═══ Supplied data ═══

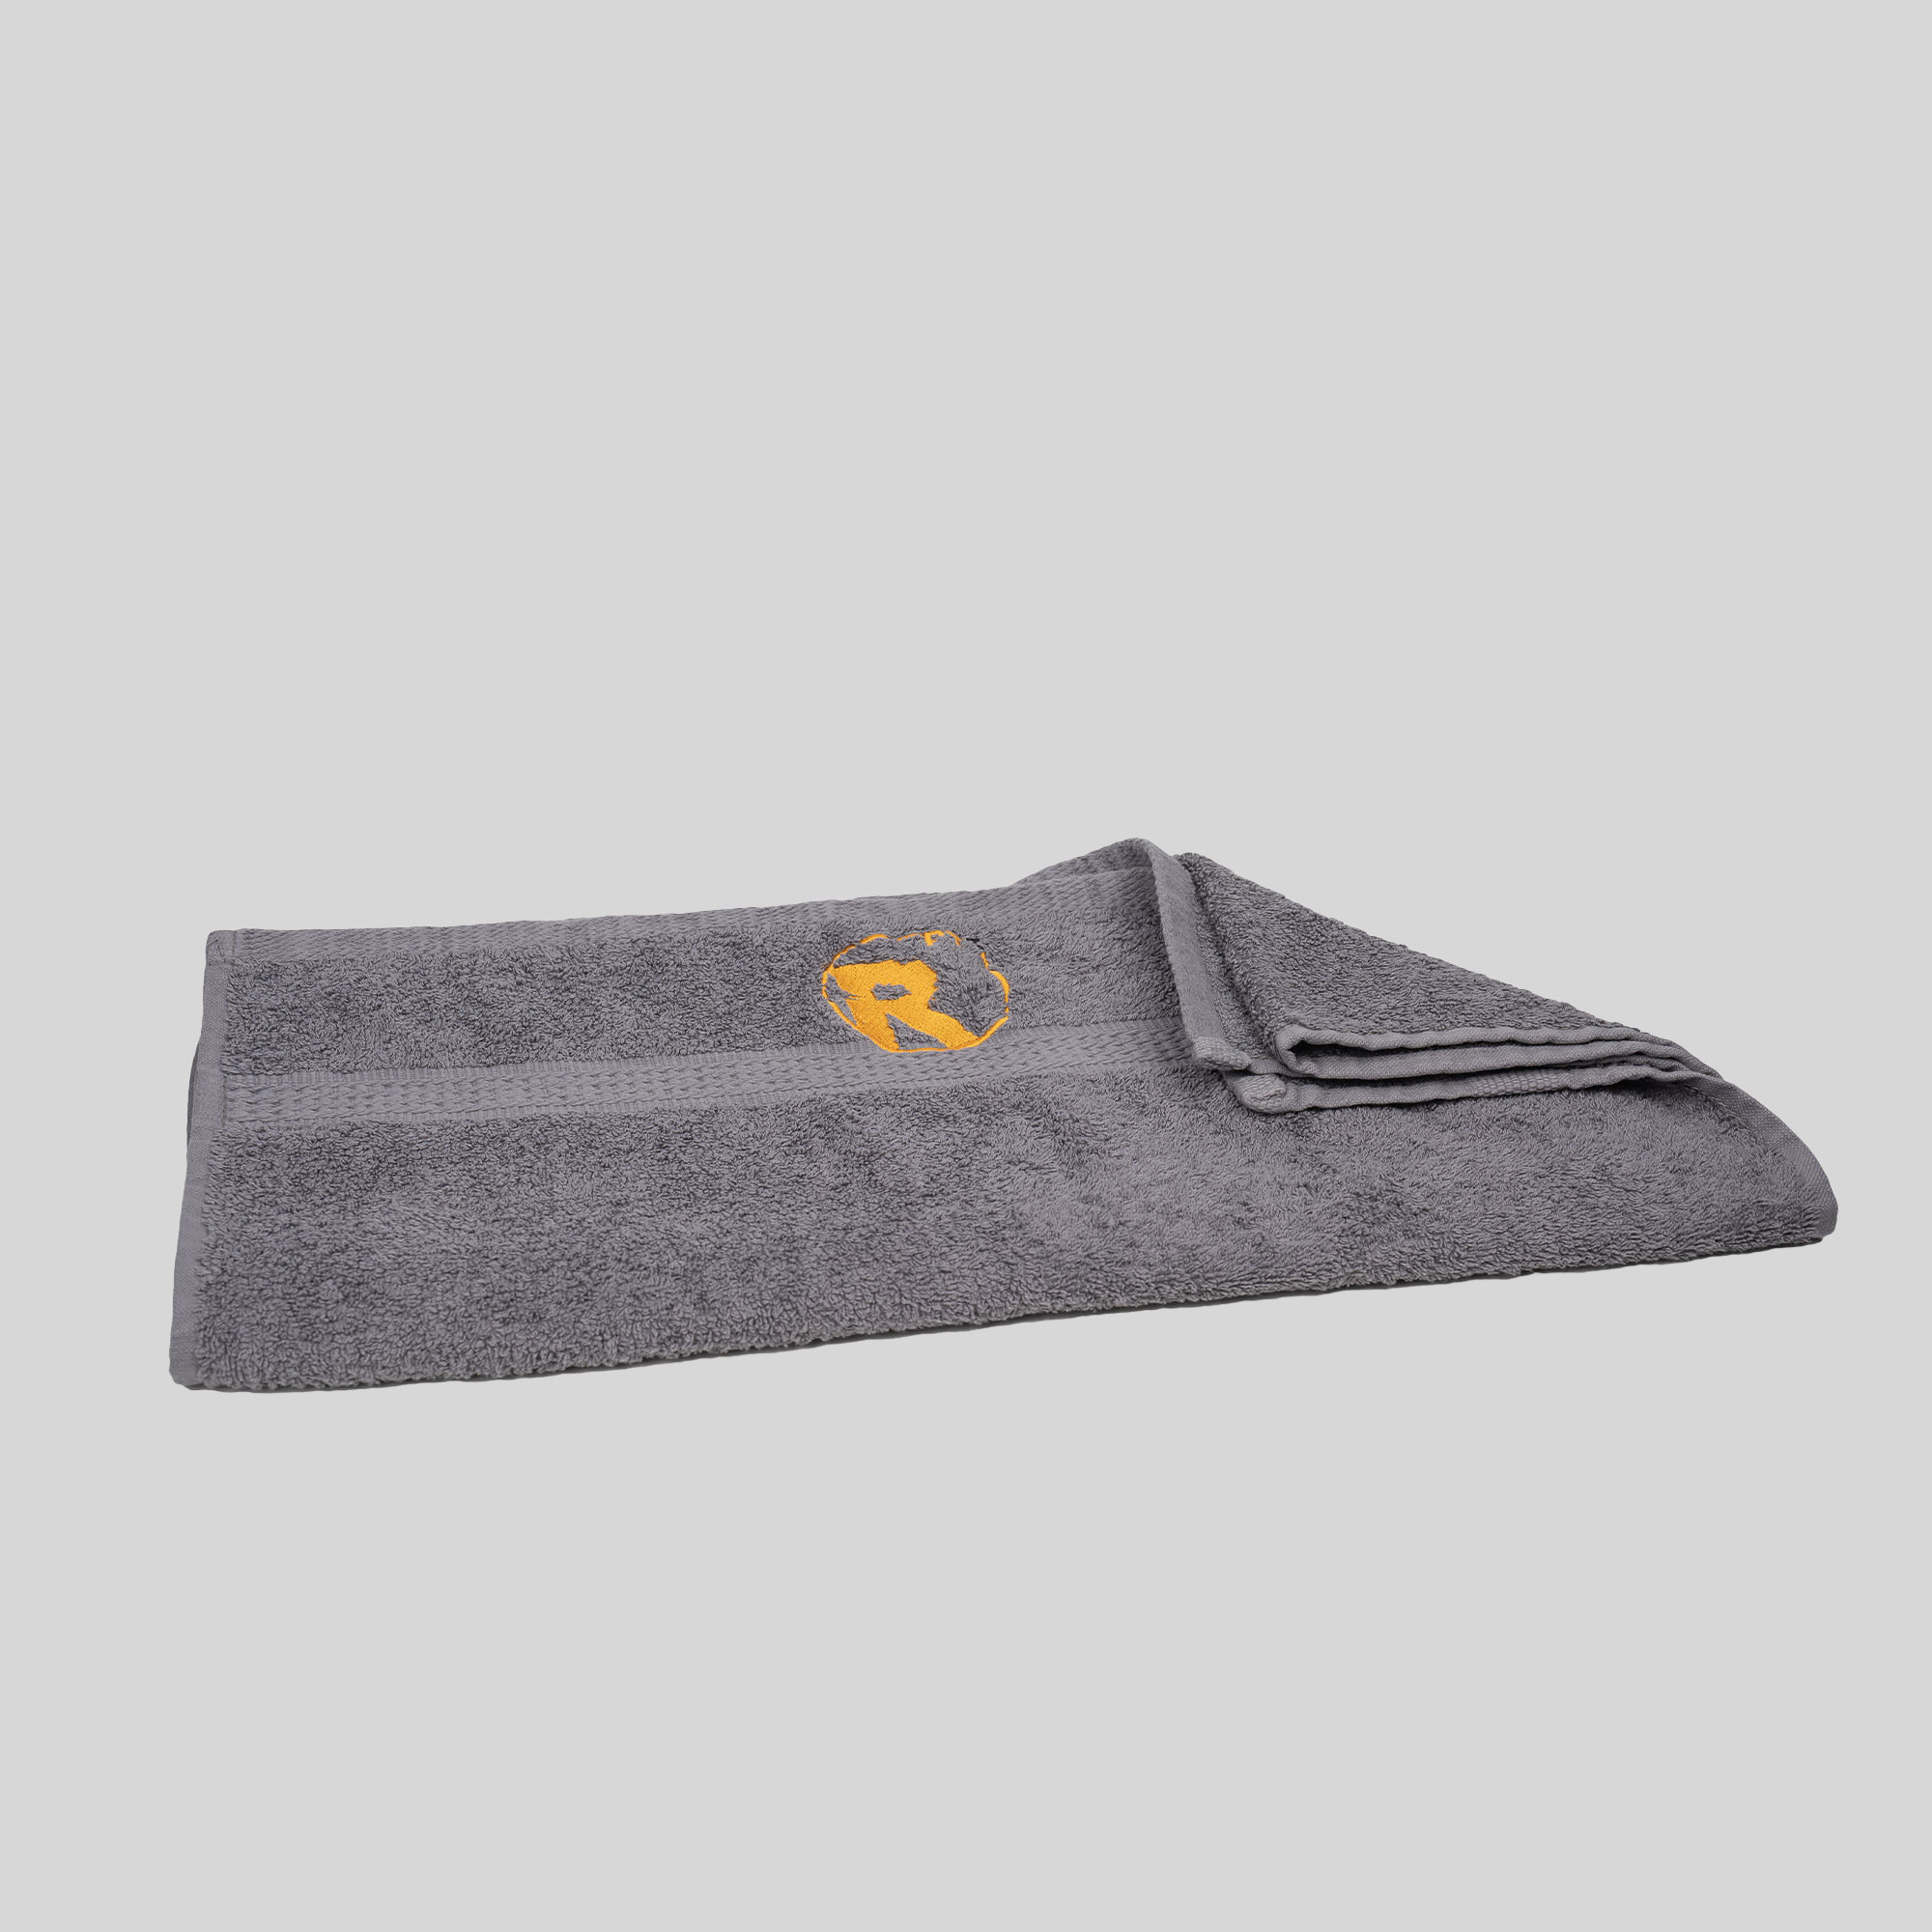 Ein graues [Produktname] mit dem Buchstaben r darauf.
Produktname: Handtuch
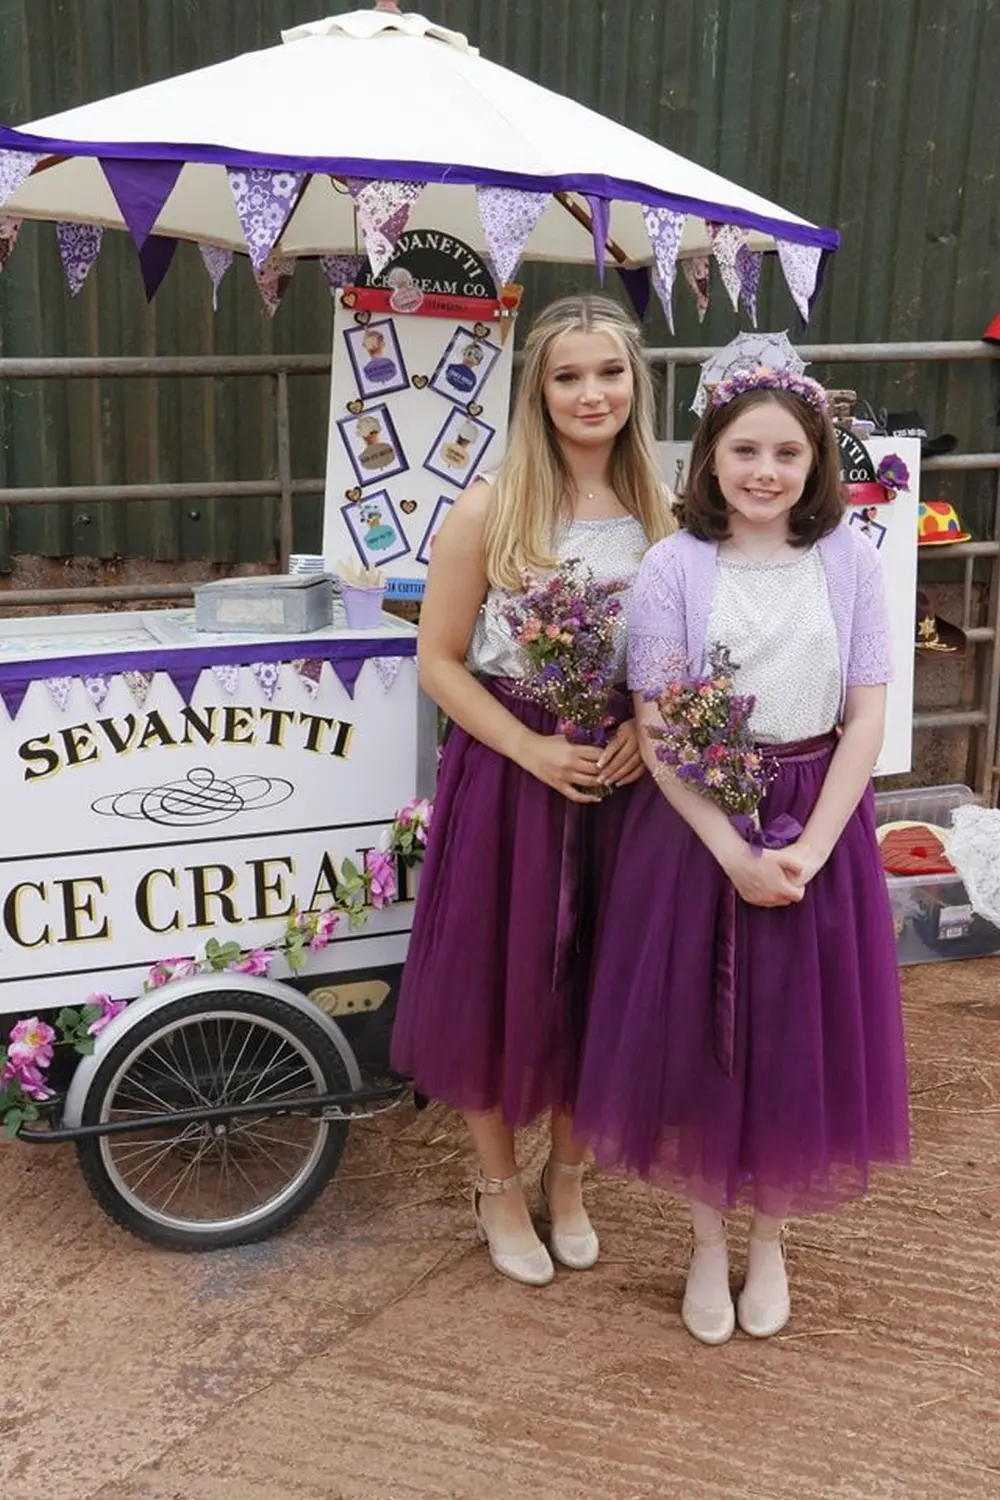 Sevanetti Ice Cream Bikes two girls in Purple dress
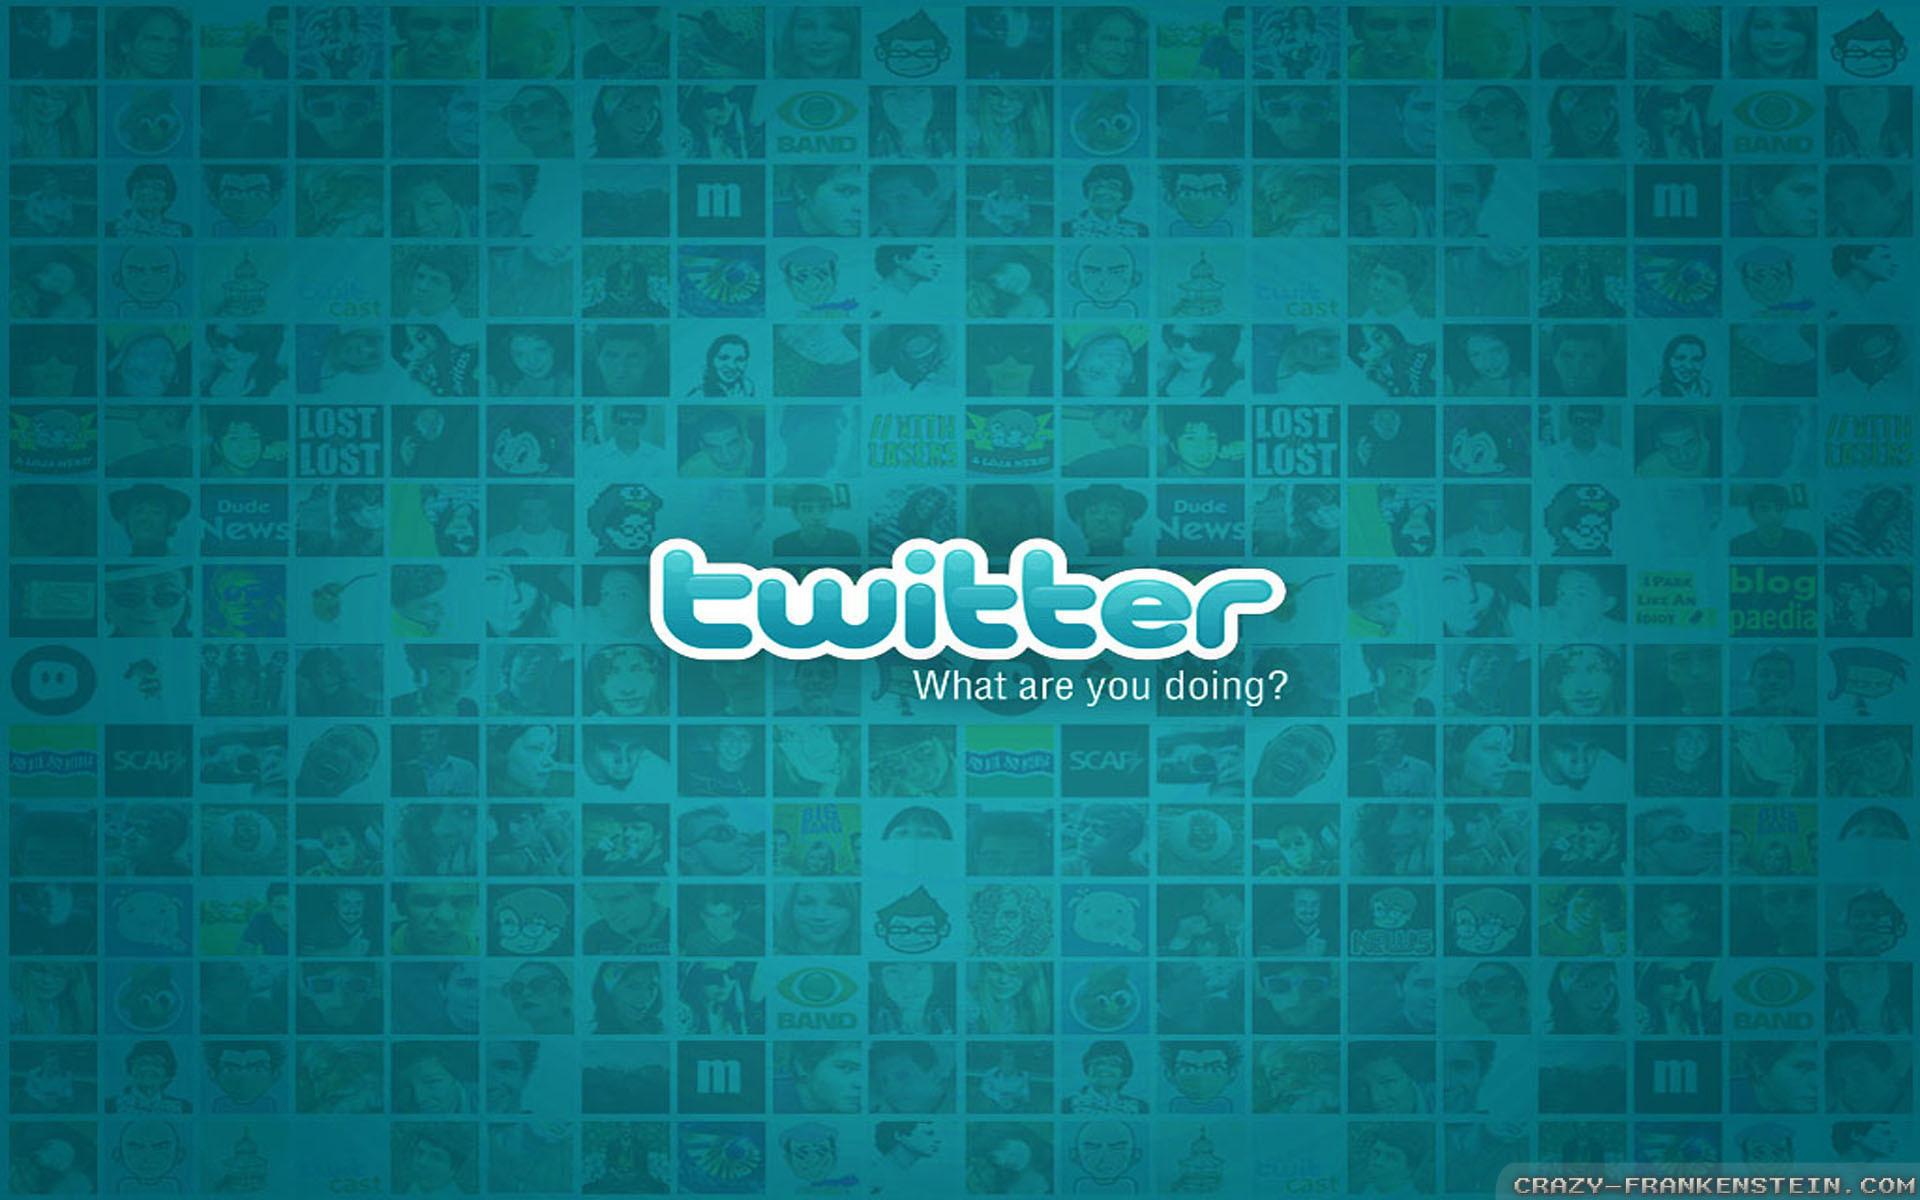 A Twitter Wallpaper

═══

▶ _Directions_: Everything in the listing except the pictures must come back exactly as written.

▶ _Finished task_:
 Ein graues [Produktname] mit dem Buchstaben r darauf.
Produktname: Handtuch
 Sevanetti Ice Cream Bikes two girls in Purple dress
 A Twitter Wallpaper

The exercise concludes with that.